• [INFORMATION SHOWN]
*****
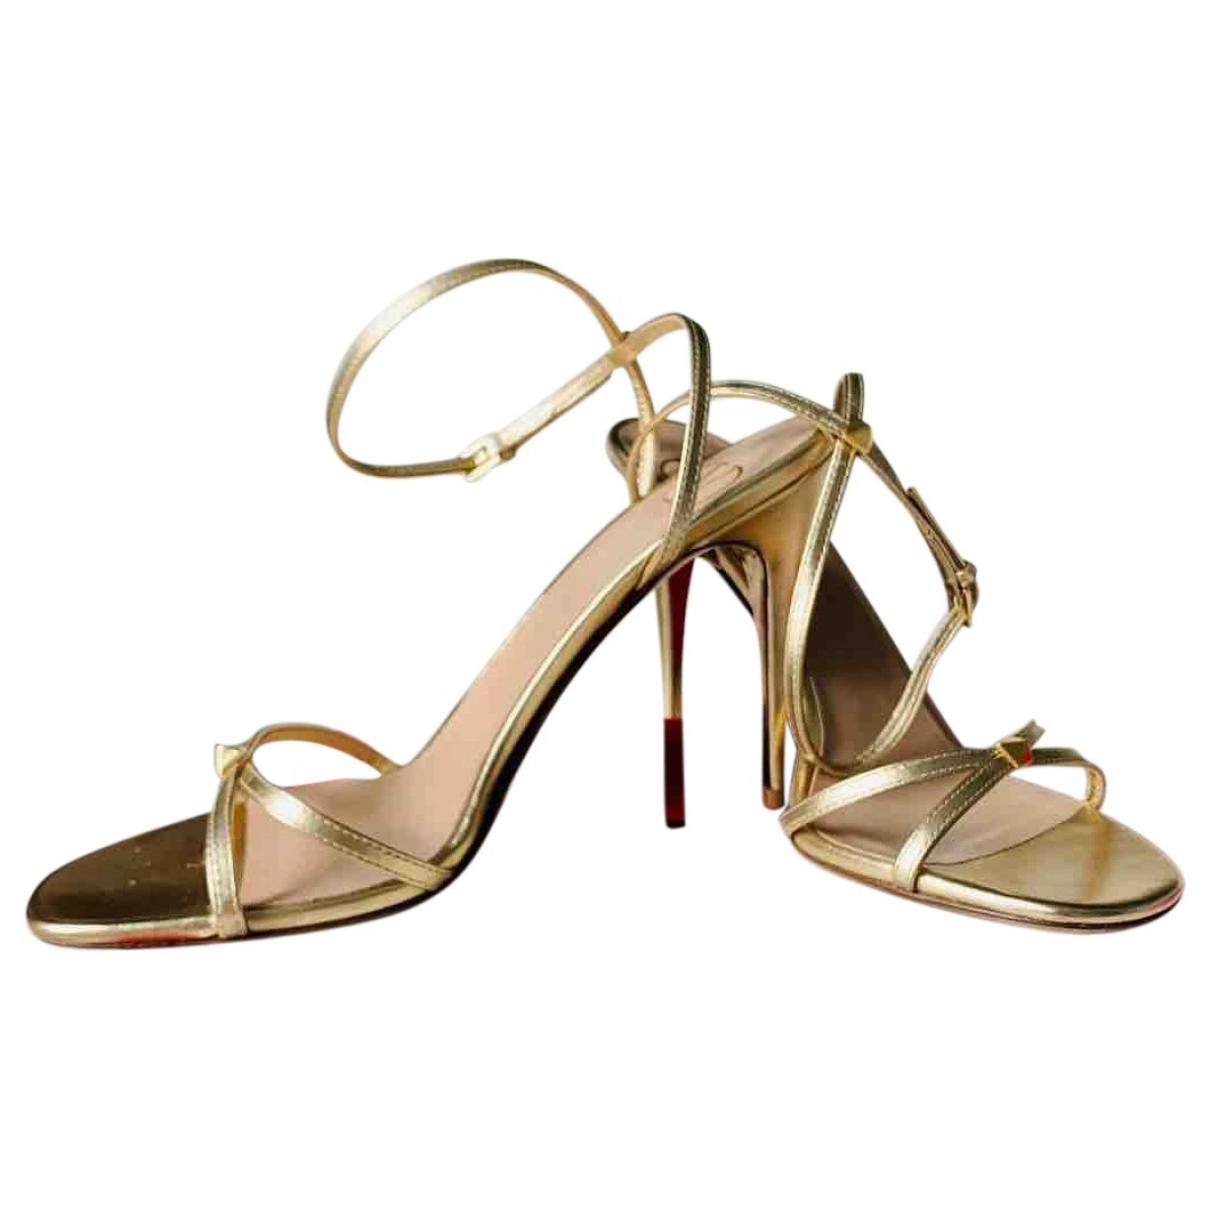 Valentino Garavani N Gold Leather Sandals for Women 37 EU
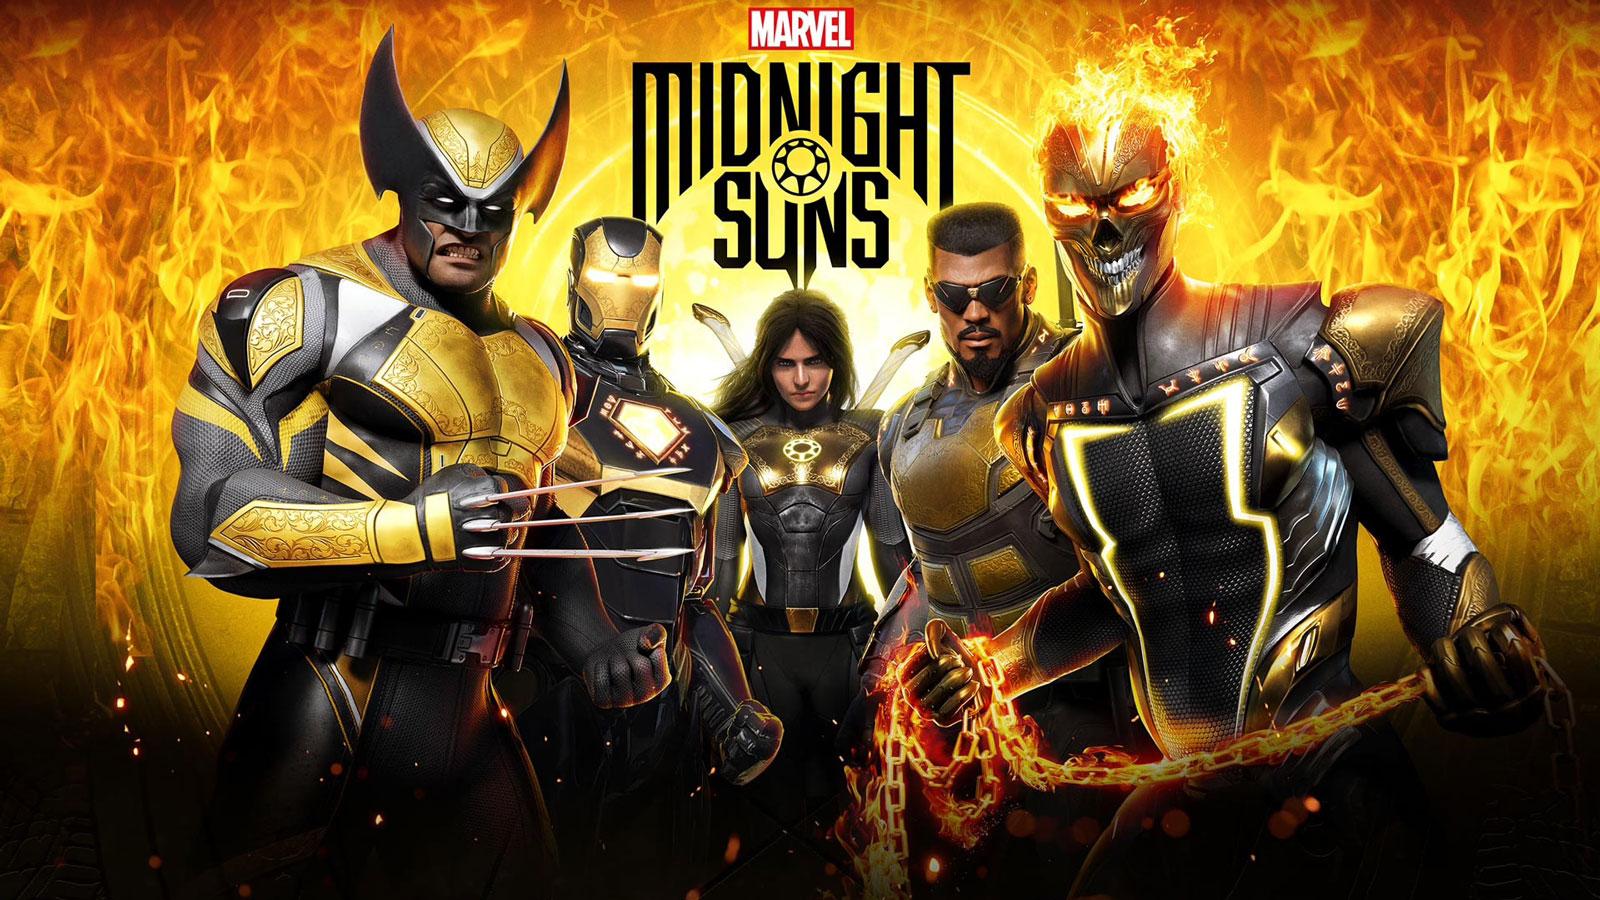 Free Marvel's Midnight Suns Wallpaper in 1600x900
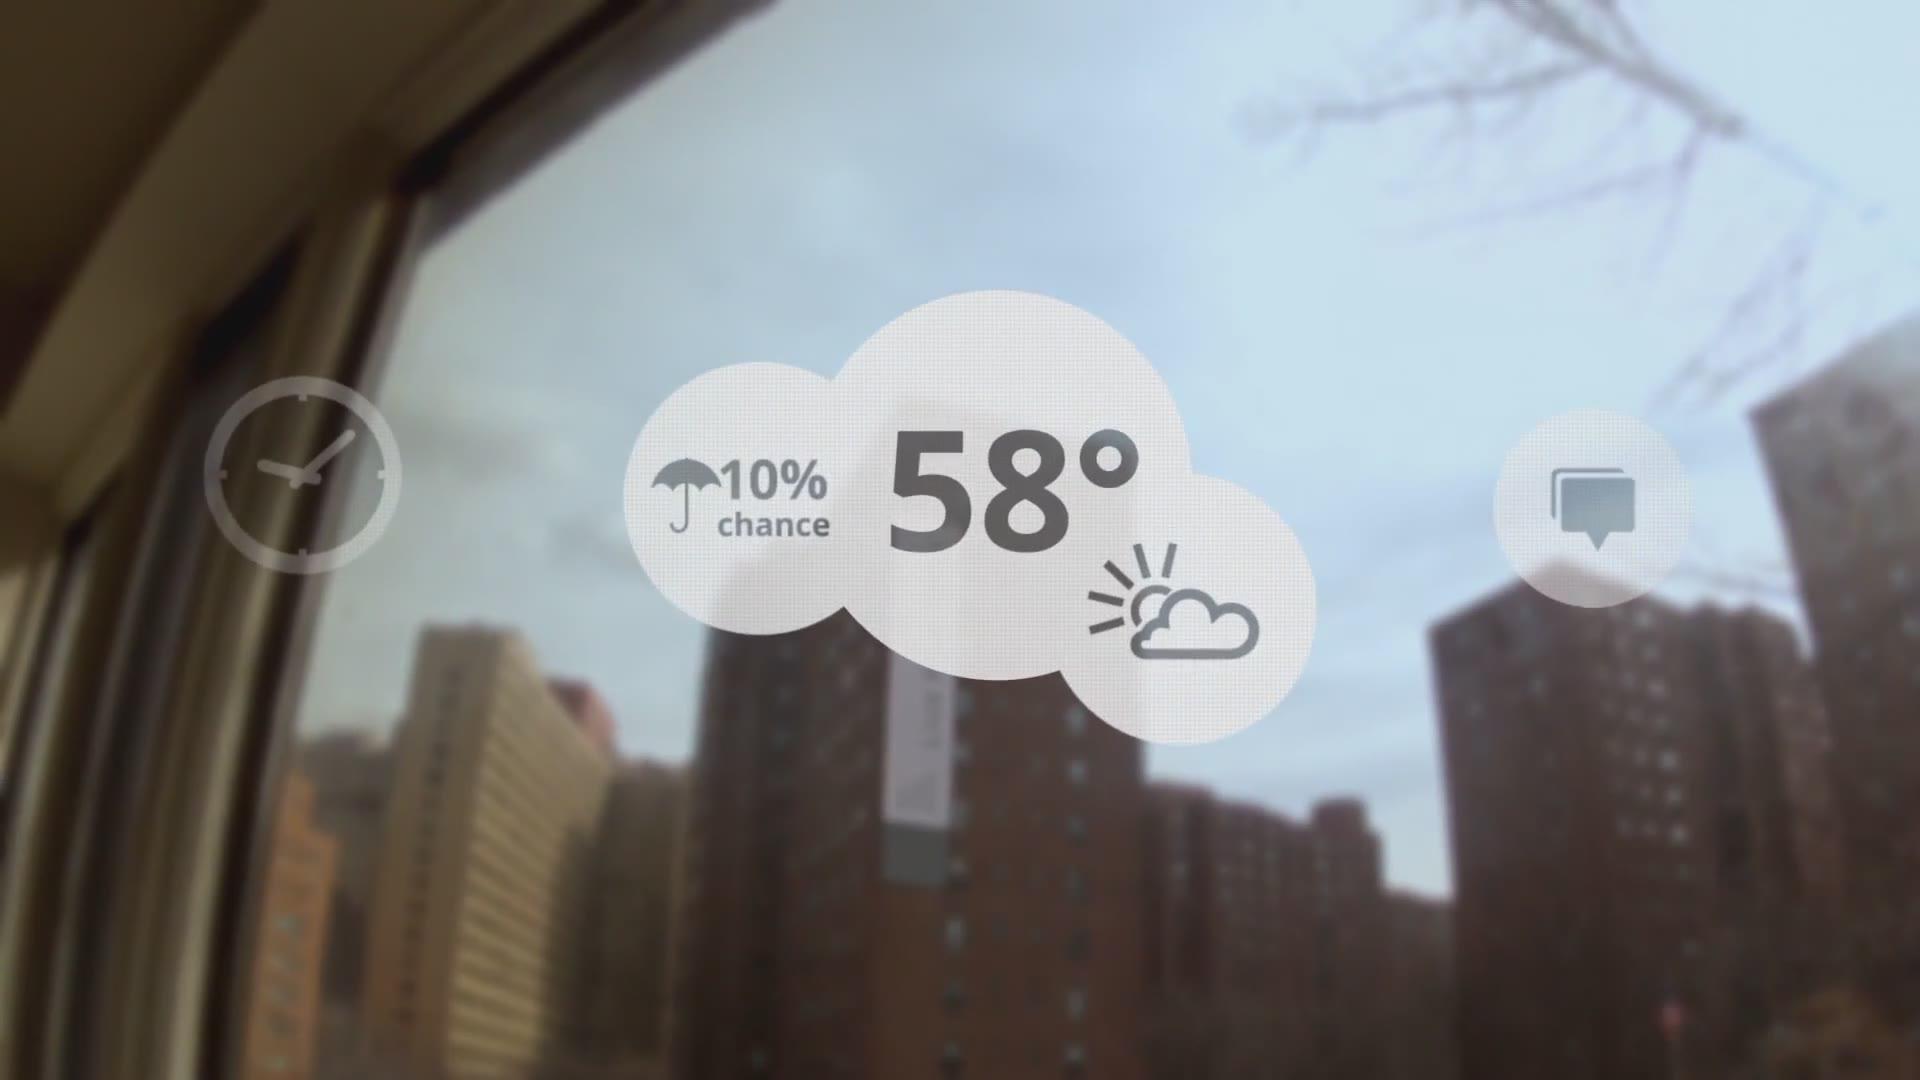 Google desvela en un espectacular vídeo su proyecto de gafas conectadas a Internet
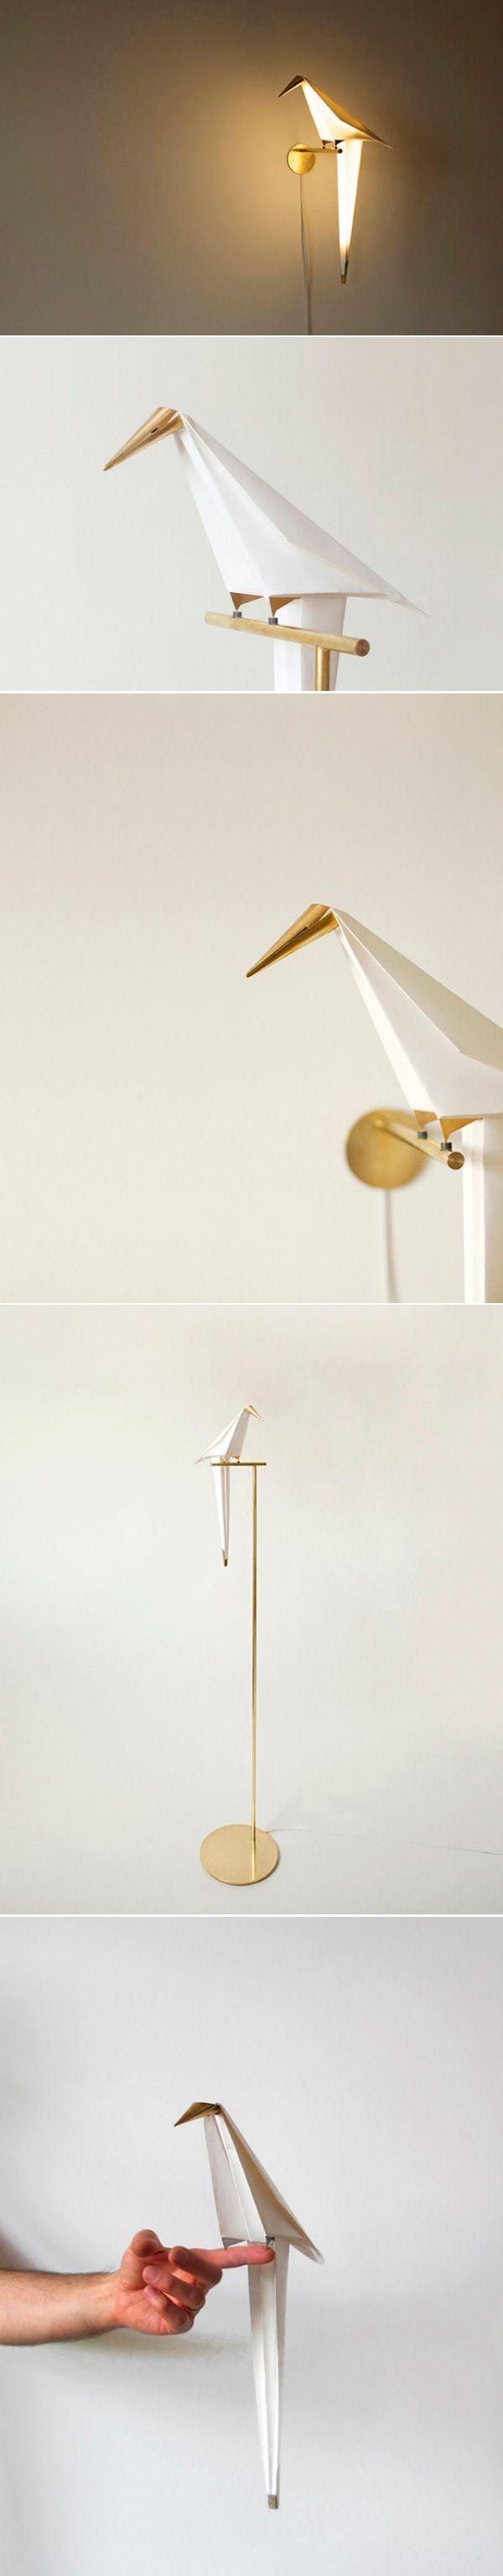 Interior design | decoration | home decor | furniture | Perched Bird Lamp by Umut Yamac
*****
• [EXERCISE DIRECTIONS] Each line of the data above needs to be retyped as it is, without any picture.

• [RESPONSE TO THE TASK]
 Valentino Garavani N Gold Leather Sandals for Women 37 EU
 Free Marvel's Midnight Suns Wallpaper in 1600x900
 Google desvela en un espectacular vídeo su proyecto de gafas conectadas a Internet
 Interior design | decoration | home decor | furniture | Perched Bird Lamp by Umut Yamac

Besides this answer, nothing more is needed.